Lo único que me atrevo a decir, es la “Nada”, dijo el alumno.
La Nada puede ser cualquier cosa, porque no es nada y lo es Todo, dijo el Maestro
pero no a la inversa.
Desde el principio, el agua está en el origen de la vida y sabemos que no hay vida sin agua,
pero no a la inversa.
Por lo tanto, entiendo que el agua es anterior a la vida.
Entonces, Maestro, ¿de dónde viene el agua?
De la Nada.

Amor y dopamina

Se estremeció al ver tanto sufrimiento. En la mirada de aquella paciente.

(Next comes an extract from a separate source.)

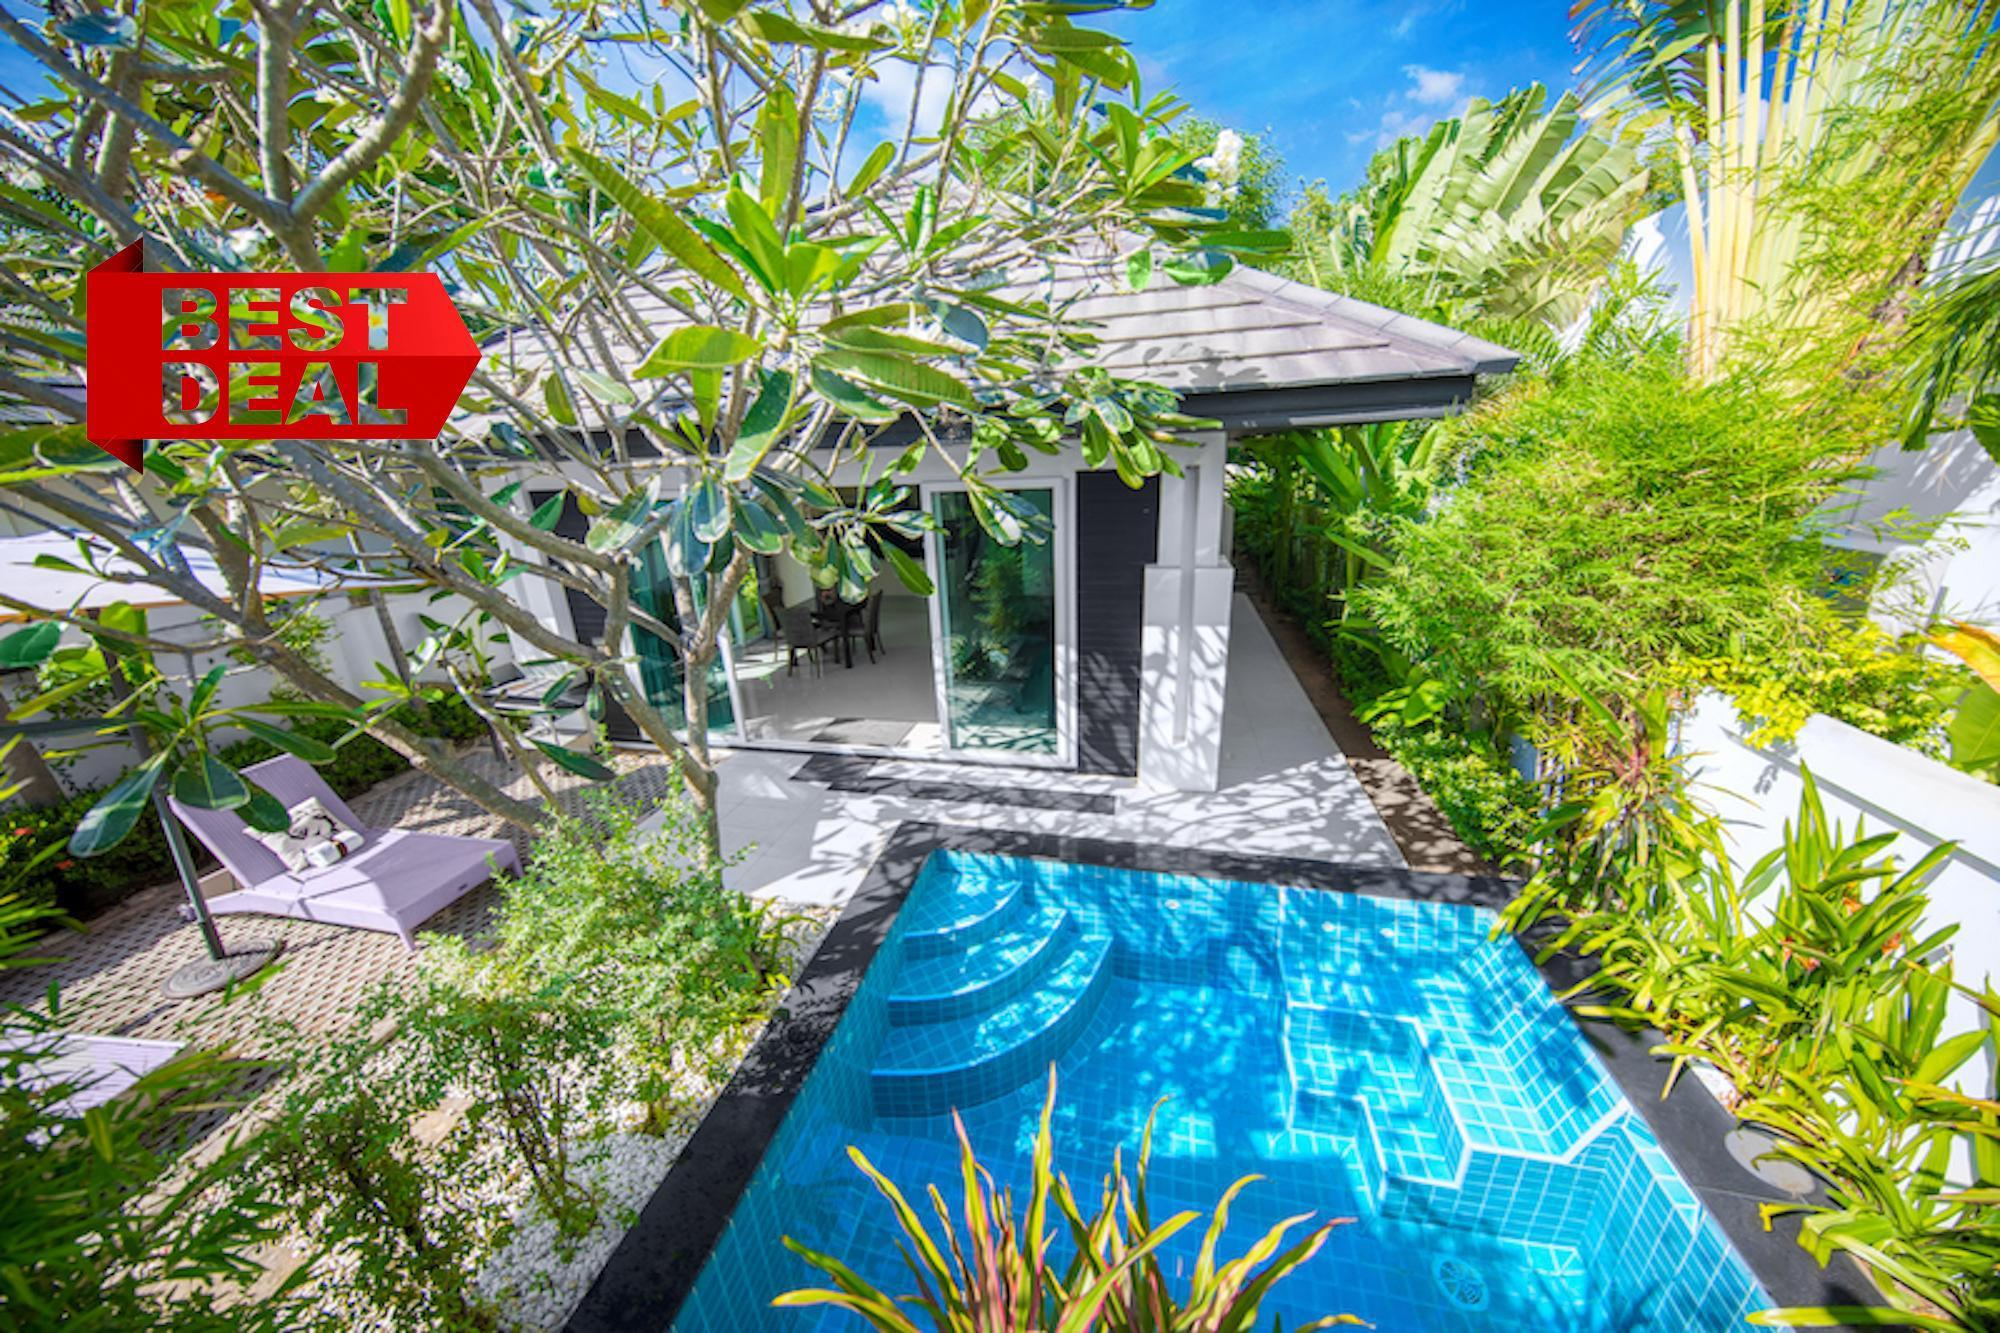 FAMILY Pool  Villa 2 Bedroom Palm Oasis Village 2 ห้องนอน 2 ห้องน้ำส่วนตัว ขนาด 140 ตร.ม. – หาดจอมเทียน

En sus manos aferradas al sobre del informe
Abandonando el frío protocolo le preguntó:
– ¿Está usted enamorada?
– Lo estuve
Él sabía que el núcleo accumbens podría haberse dañado por la sobreexposición a la dopamina.
Pero sabía que las explicaciones científicas y la superposición psicodélica de colores en el scanner, solo alcanzaban a intuir la raíz de aquel sentimiento.
– Las pruebas revelan alteraciones del sistema límbico.
– No entiendo lo que dice -contestó. Pero le aseguro que mi dolor no cabe en esa imagen.

Videollamada entrante.

Conexión establecida.
Continúas atónita, no es para menos. Sé que tratas de almacenar en la RAM una realidad ingrávida. Supongo que nunca fuiste capaz de imaginar tal parábola de la vida; este acceso directo a lo imperceptible. Por eso, formatea sin miedo, tus recuerdos tienen copia de seguridad y eres demasiado valiente. Dejas atrás un siglo extinto, que redirecciona al presente más insólito de todos los futuros imaginados, como si de un hipervínculo se tratase.
Y ahora, al otro lado, sonríes perpleja. Miras sobrecogida la pantalla, como si lo virtual no fuese efímero.
– Hasta mañana, abuela.
Cerrando sesión…

Dimensión Hausdorff

Leía en su estudio. Sus nietos jugaban sobre la alfombra. Al levantar la vista, le dio la impresión de que la estantería, repleta de libros, se le acercaba. Bajó la mirada. Los nietos también: se acercaban en su lugar. Todo parecía dilatarse. Más y más. Como si él se adentrara en los objetos. En los sujetos. Todo ya sin identidad: elementos iguales, iterados. Desesperado, cerró los ojos. Los volvió a abrir y buscó sus manos y el libro. Pero allí sólo había una vasta intuición indiferenciada: sin voces ni parámetros; sin rostros ni extensión. Todo uno. Y nada.